En ce qui concerne la bande dessinée, la réédition de ce Guide de l’Antiquité imaginaire montre que, près de dix ans après la première édition de ce volume, la place qui lui est laissée dans l’étude des imaginaires antiques est encore bien faible aujourd’hui : le monde de la recherche n’aura pas répondu aux appels répétés de l’auteur d’inscrire pleinement l’étude de la BD dans les réflexions sur les imaginaires antiques. De fait, si aucun ouvrage n’était cité dans la bibliographie générale de l’édition 2008 (p. 279-280 de l’édition 2008), révélant à quel point le sujet était encore à construire, il n’y en a maintenant que deux : la publication des actes d’un colloque fondateur tenu en 2001 à l’Université de Pau et des pays de l’Adour sous l’impulsion de J. Gallego[1] et le numéro hors série du magazine DBD consacré à « Rome dans la bande dessinée », certes de très bonne qualité mais n’appartenant pas à proprement parler au domaine de la recherche[2]. À côté de la dizaine de titres sur le roman historique et des treize titres cités pour le cinéma – résultat d’une sélection drastique dans la grande production sur le sujet, la bande dessinée fait bien triste figure. Cela souligne si besoin était combien ce guide était nécessaire en 2008 et combien il est encore d’actualité aujourd’hui.

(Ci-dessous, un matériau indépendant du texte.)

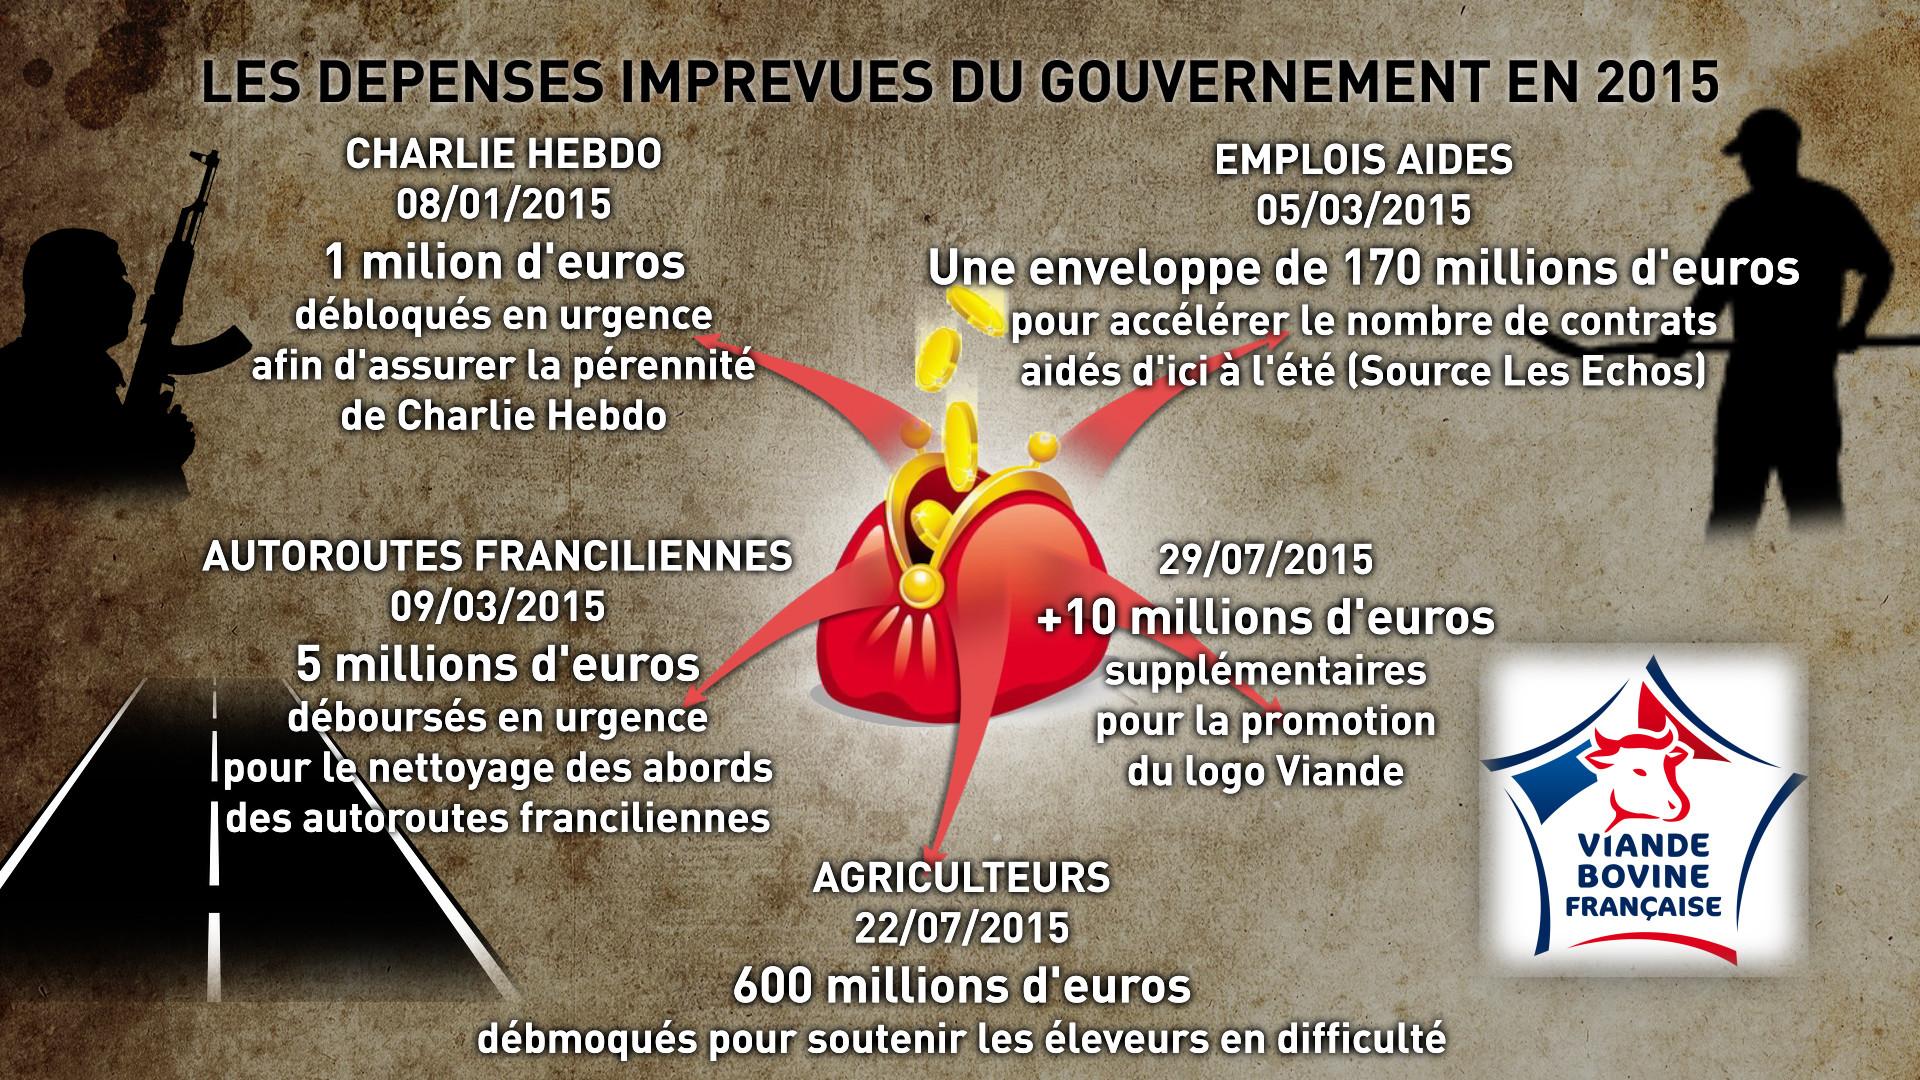 Les dépenses imprévues du gouvernement

Une mise à jour était cependant nécessaire, et d’ailleurs envisagée dès la première édition[3]. Elle touche l’ouvrage de manière inégale. La première moitié, historique, du guide (parties 1 à 3) a seulement vu quelques pages ajoutées, parfois un court chapitre, d’autres fois un unique paragraphe, apportant un bilan des évolutions de chaque média durant la décennie 2010 : la pauvreté de la production pour le roman historique, la confirmation du renouveau du film à sujet antique dans la foulée de la sortie de Gladiator en 2000, l’apparition de la Grèce historique dans la BD. La seconde moitié de l’ouvrage a quant à elle fait l’objet d’un important travail de mise à jour mais aussi de réécriture et de réagencement. Le catalogue est passé de 600 titres, dont 350 romans, 120 films et 110 BD à 900 titres dont 500 romans, 200 films et 180 BD. Cela a permis de faire état de la production depuis 2008, mais aussi de faire entrer de plus anciens titres – surtout des films – qui étaient jusqu’alors indisponibles, tandis que d’autres, de manière plus marginale, ont dû être retirés, se révélant aujourd’hui quasiment introuvables. Les textes ont eux aussi été remaniés, parfois de manière importante, et largement augmentés. Le dernier chapitre, « Une autre Antiquité » (p. 326‑335) est ainsi une nouveauté de cette réédition reprenant certains paragraphes de l’édition de 2008 complétés et déplacés pour l’occasion (par exemple « Antiquité et science-fiction » qui tenait jusqu’alors lieu de commentaire au chapitre « La Grèce classique », p. 204-207 de l’édition 2008) et des développements inédits, tel « Le passé recomposé » (p. 327-329).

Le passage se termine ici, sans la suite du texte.